O’Brien is expecting more traffic, especially at the beginning, he said. Any time a bar has people in it is good for sales.

Midshipmen have always been supportive of his workplace.

They also like to visit Pusser’s Caribbean Grille, with some midshipmen commenting on social media last weekend that they were visiting the establishment.

But the return of the midshipmen did not necessarily affect sales, said Chris Townsend, food and beverage director.

It is too hard to tell if customers are midshipmen, he said, but he acknowledged that midshipmen are a big part of Annapolis.

“On a nice day, we’re always busy,” Townsend said.

Pusser’s does expect to see some bigger crowds during Commissioning Week, Townsend said. Blue Angels often bring afternoon traffic.
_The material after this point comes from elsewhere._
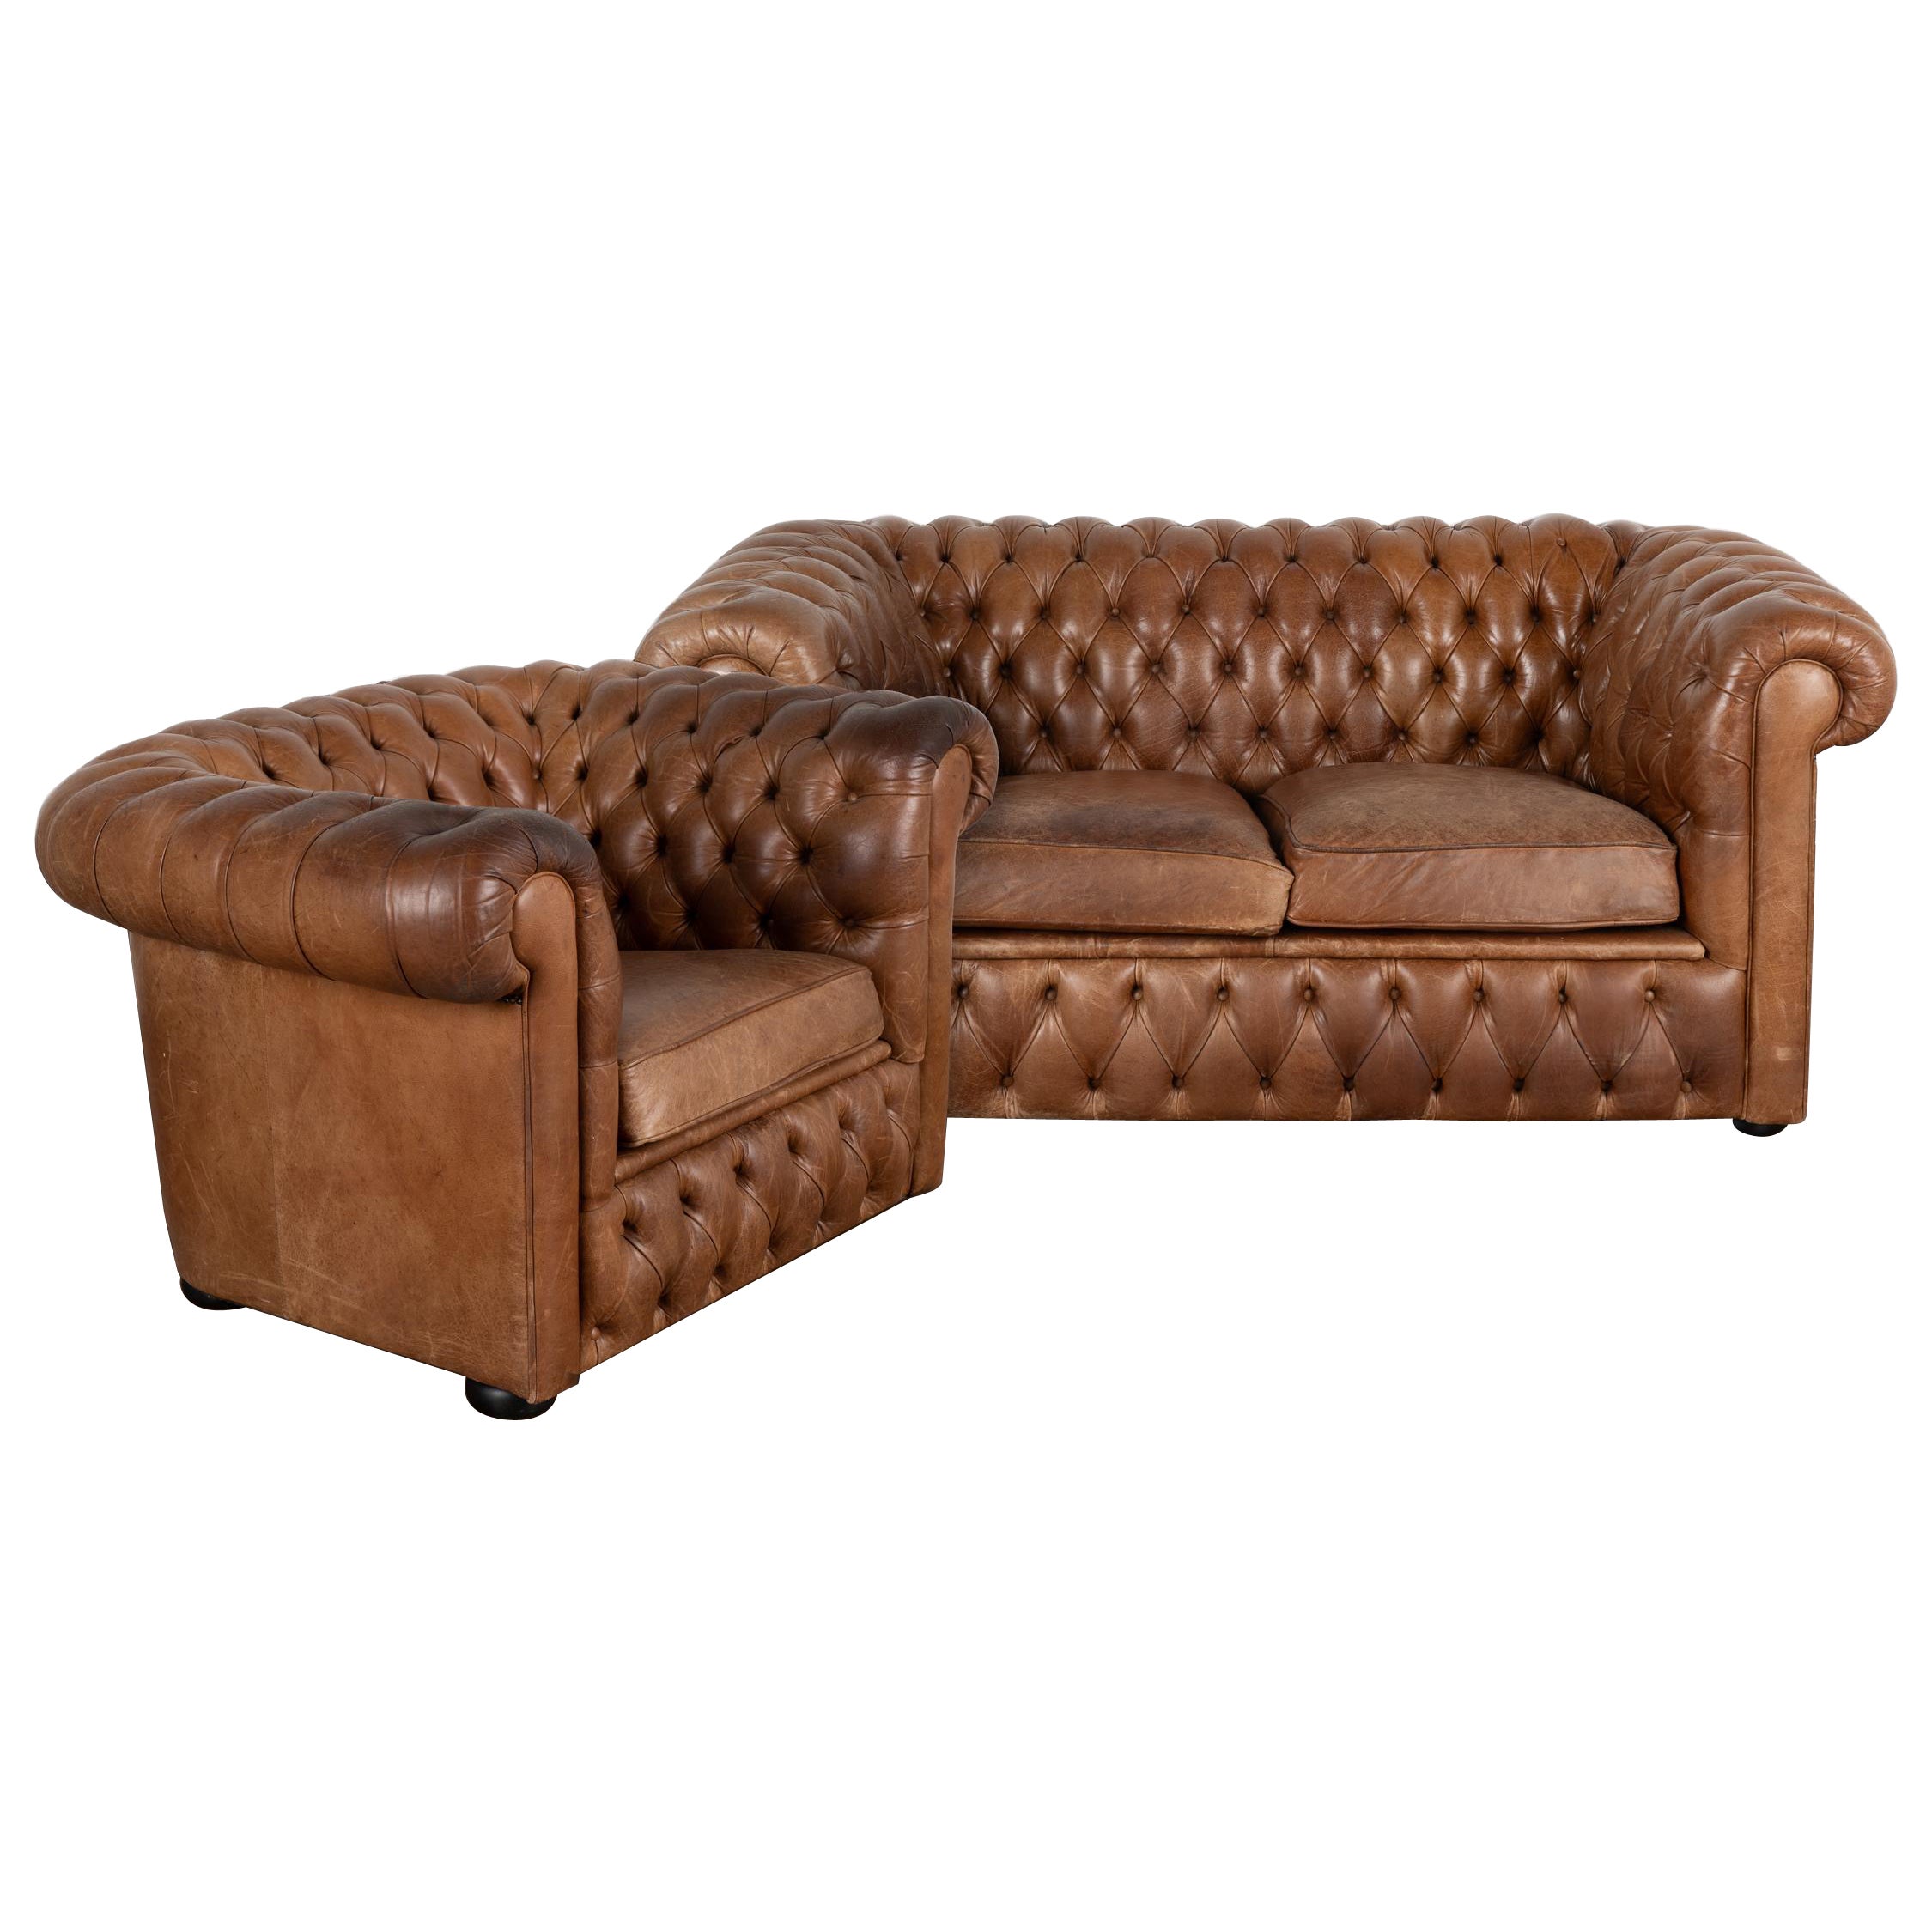 Pair, Brown Leather Chesterfield 2 Seat Sofa & Club Chair, Denmark circa 1960-70

Then there is Memorial Day Weekend, which is busy.

The grille is also seeing a boost from more things opening, Townsend said, adding it is exciting to have everyone come back again.

Outside of visiting restaurants and bars, the change to HPCON Bravo meant that midshipmen and any service member working at the Naval installations could go to movie theaters, stay in hotels off of the installation — outside of just when necessary due to an outbreak — or visit parks and beaches, according to a flyer from the Naval District Washington.

It also meant being able to go to barbershops and hair salons not located on the installations.

Fort George G. Meade is also in HPCON Bravo. The base announced via Facebook Friday that it would follow Centers for Disease Control and Prevention guidance, and those who are fully vaccinated — two weeks out from their second vaccination — are allowed to forgo a mask inside and outside on the installation.